Кто знает, прав ли я в этом? Действительно ли континуум между социальной структурой и антиструктурой организма является ключом к пониманию того, почему одни глубокие переживания помечаются как «религиозные», а другие нет? Если быть честным, это, вероятно, далеко не так просто. Лучшие умы, чем я, десятилетиями работали над этой проблемой и не нашли решения. Но структура, которую я предлагаю, является генеративной: она ведет к предсказаниям, а предсказания направляют исследования и формируют будущие исследования. Например, если ритмичный танец ведет к антиструктуре, то он также должен привести к тому, что участники временно станут меньше вкладываться или придавать меньше значения социальным конструктам, таким как социальные роли, нормы или даже (потенциально) политические границы.
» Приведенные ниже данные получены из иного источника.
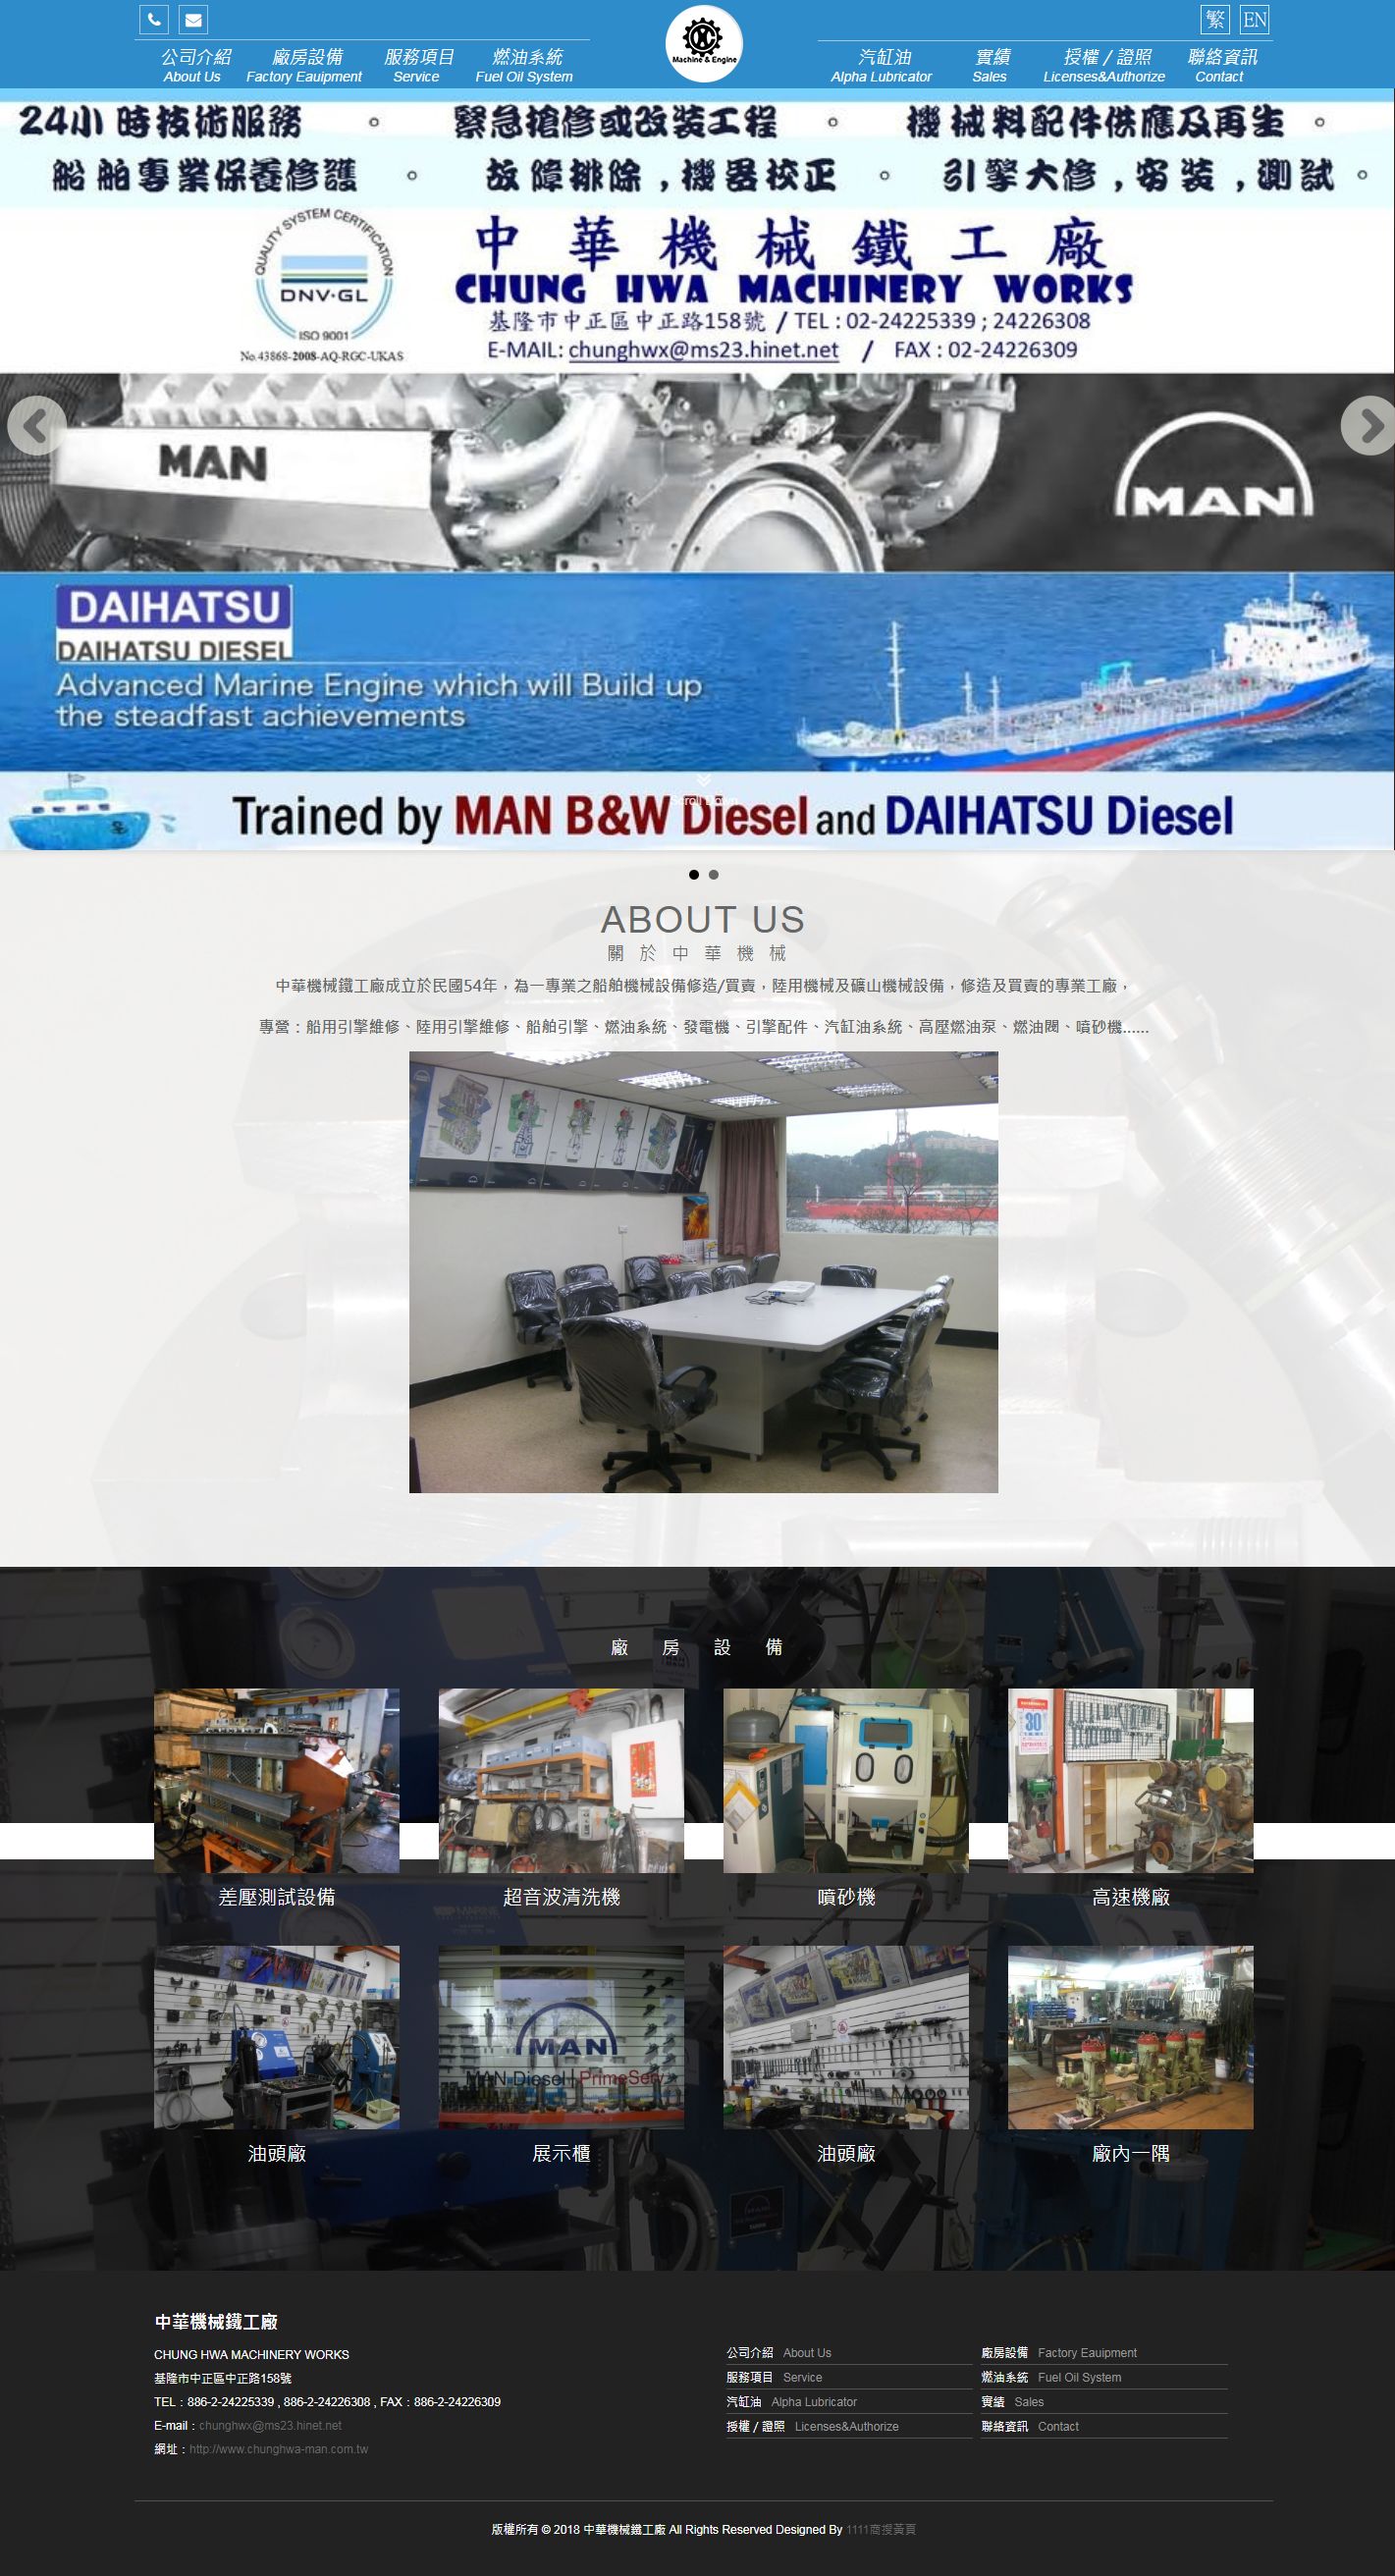 FireShot Pro Screen Capture #006 - '中華機械鐵工廠 CHUNG HWA MACHINERY WORKS' - www_chunghwa-man_com_tw_index_php_web_mainindex.jpg

Если вы рассматриваете религии или культуры как сложные адаптивные системы, то этот поворот Тернера между твердыми социальными границами и грубыми физиологическими фактами может привнести гибкость, необходимую для культурных изменений. Антрополог и эксперт по трансу Эрика Бургиньон заметила, что

(W), когда мы рассматриваем отношение религии к изменениям, ее двойную роль как оплота против изменений, с одной стороны, и как посредника или даже инициатора изменений, с другой, мы часто обнаруживаем, что ключевые личности в этот процесс переживает измененные состояния сознания.

Я завершаю статью, возвращаясь к тому социальному уровню, с которого я начал. В середине статьи описываются гранулярные когнитивные маркеры, которые различают семиотические, ролевые мотивы и действенно-каузальные мотивы. Но эти когнитивные процессы оказываются теми самыми механизмами, с помощью которых социальные группы изменяются и приспосабливаются на групповом уровне. Религиозный опыт является одним из самых глубоких и личных переживаний, которые мы можем иметь, но он полностью понятен только в свете социального контекста, в котором живут все люди.